「社内プレゼン」は、ビジネスパーソンにとって必須のスキルです。どんなによいアイデアがあっても、組織的な「GOサイン」を得なければ一歩も前に進めることができません。そのためには、説得力のあるプレゼンによって決裁者を説得する技術が不可欠なのです。
そこで役立つのが、ソフトバンク在籍時に孫正義氏から「一発OK」を何度も勝ち取り、独立後、1000社を超える企業で採用された前田鎌利氏の著書『完全版 社内プレゼンの資料作成術』(ダイヤモンド社)です。
本書では、孫正義氏をはじめ超一流の経営者を相手に培ってきた「プレゼン資料」の作成ノウハウを、スライド実例を豊富に掲載しながら手取り足取り教えてくれます。読者からは「大事なプレゼンでOKを勝ち取ることができた」「プレゼンに対する苦手意識を克服できた」「効果的なプレゼン資料を短時間で作れるようになった」といった声が多数寄せられています。
本稿では、本書より一部を抜粋・編集して、プレゼン資料の「型」を社内で統一することの深い意味について解説します。

プレゼン資料を「社内で統一」する企業が増えている理由写真はイメージです。Photo: Adobe Stock

プレゼン資料は「社内」で統一する

 私は、年間200社を超える企業・団体のプレゼン研修を任されています。

 そのなかで、近年、相談されることが増えているテーマがあります。それは、「社内でプレゼン資料を統一フォーマット化したい」という相談です。これは、私自身、長年にわたって提案し続けてきたことで、たいへん嬉しいことだと感じています。

 なぜ、社内で統一フォーマットすべきなのか?

 答えはシンプルで、そうすることによって、社内の意思決定スピードの向上や、業務効率化が大幅にすすむからです。

 私の著作である『完全版 社内プレゼンの資料作成術』では、

・本編スライドは5~9枚(詳しくはこちら
・ポジティブ・メッセージは「青」、ネガティブ・メッセージは「赤」(詳しくはこちら
・グラフは「左」、キーメッセージは「右」(詳しくはこちら

 などいくつもの効果的な「プレゼン資料の型」を提示していますが、こうした「型」を社内で共有することで、意思決定スピードや業務効率が大幅に改善するのです。

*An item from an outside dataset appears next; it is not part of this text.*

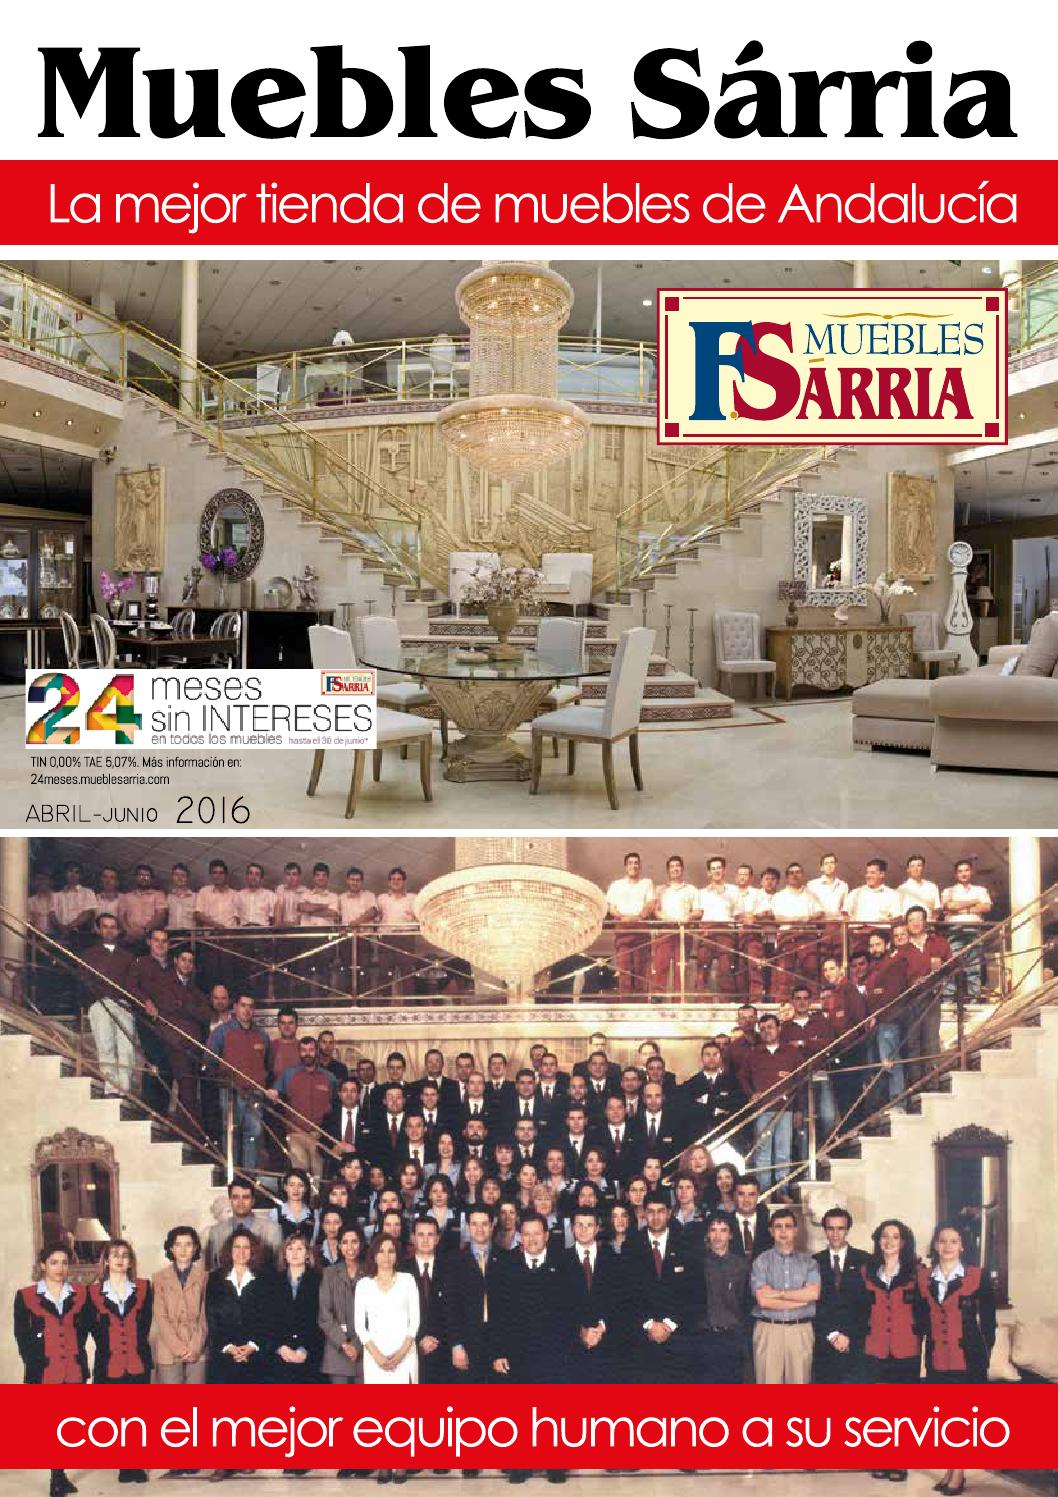 Catalogo muebles sarria tienda de muebles sevilla by - Muebles sarria cordoba catalogo ...

 例えば、ある提案者は5~9枚の本編スライドでプレゼンしたかと思えば、別の提案者は何十枚ものスライドを用意してくるようでは、決裁者は戸惑うばかりでしょう(そもそも、何十枚ものスライドで延々とプレゼンすること自体が非効率)。

 あるいは、担当者によってカラーの使い方がまちまちだったり、グラフやキーメッセージの配置が違ったりすれば、決裁者がスライドの内容を把握するのに時間がかかるのも当然のことでしょう。

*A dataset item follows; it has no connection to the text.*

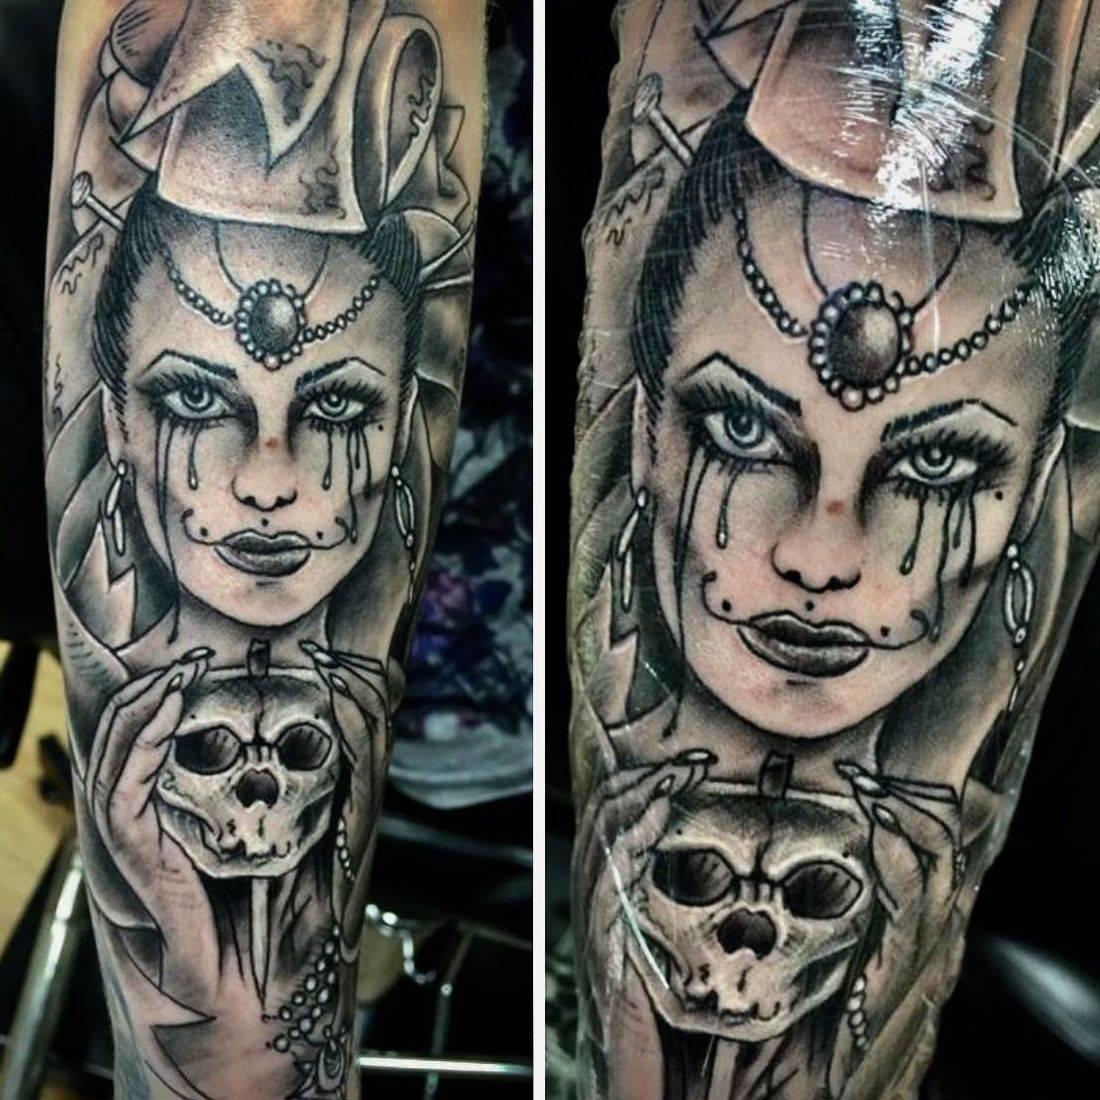 mcgoldtooth Tattoos Kazbah Leicester

 その結果、プレゼン内容を決裁者が把握するのに時間がかかるため、意思決定にも時間がかかる結果を招いてしまうのです。

 逆に、全員が同じ「プレゼン資料の型」を共有していれば、決裁者の「スライド把握力」が高まり、誰がどんな提案をしてきても「スライドのどこに何が書いてあるか?」「何が言いたいスライドなのか?」を一目で理解することができます。その結果、意思決定スピードも劇的に速くなるのです。

資料作成の労力を大幅に削減

 しかも、担当者のプレゼン資料をつくる労力も大幅に削減することができるでしょう。スライドを作るときに、いちいち自分の頭で考える必要がなく、「型」に沿ってつくることができるからです。

 プレゼン資料の作成に膨大な時間を費やすのは、本来望ましいことではありません。資料のオリジナリティにこだわって時間・労力を過剰に費やすのではなく、「型」に沿って手際よく資料をつくって、適時的確にプレゼンをすることこそが、スピード感のある事業展開をするうえで大切なのです。

同じスライドを多くの社員が共有する

 もう一つ、「型」を統一しておくことには重要な意味があります。

「型」が統一されていれば、誰かが作成したスライドを、別の人が容易に使うことができます。

 例えば、社内横断的なプロジェクトを進めているとしましょう。

 その場合、企画提案のプレゼンは「企画部門」が行いますが、その企画が商品化されたあとは、「営業部門」が顧客向けに営業プレゼンを展開していくことになるでしょう。ここで、企画部門が作成したスライドを、営業部門が適宜コピペすることができれば、非常に効率的です。

 ところが、社内で「プレゼン資料の型」が統一されていないと、それができません。例えば、企画部門では「4:3」のスライドサイズを使っているけれど、営業部門では「16:9」のサイズを使っていれば、簡単にコピペすることができません。

 あるいは、企画部門では「グラフは左、キーメッセージは右」にしているけれども、営業部門では「グラフは下、キーメッセージは上」にしていれば、企画部門のスライドを流用しようとしても、いちいちグラフとキーメッセージの位置関係を修正しなければなりません。

 逆に、「プレゼン資料の型」が統一されていれば、スライドの流用ははるかに簡単にできます。もちろん、企画部門の資料は「社内向け」ですから、外には出せないデータも含まれているなど、そのまま何の加工もせずに営業部門が流用できるケースは少ないかもしれません。しかし、それでも「型」が統一されていれば、その調整・修正作業は格段に効率化できるのです。

まずはチームで“スモール・スタート”

 このように、社内で「プレゼン資料の型」が共有・統一されていることには大きな意味があります。ただし、これを全社的に実現するためには、経営陣の積極的な関与が不可欠。それだけに、一朝一夕には実現することはできないかもしれません。

 しかし、そのような場合でも、私は、現場で“スモール・スタート”することをおすすめします。あなたに部下がいる場合であれば、チームでこの「型」に統一するといいしょう。きっと、あなたのチームの生産性が上がることを実感できるはずです。

 そして、その成果を背景に、上層部に全社的な統一を提案すれば、それを実現できる可能性もあるはずです。もしも、それが実現できれば、会社全体の事業スピードもどんどん加速していくに違いありません。ぜひ、チャレンジしていただきたいと願っています。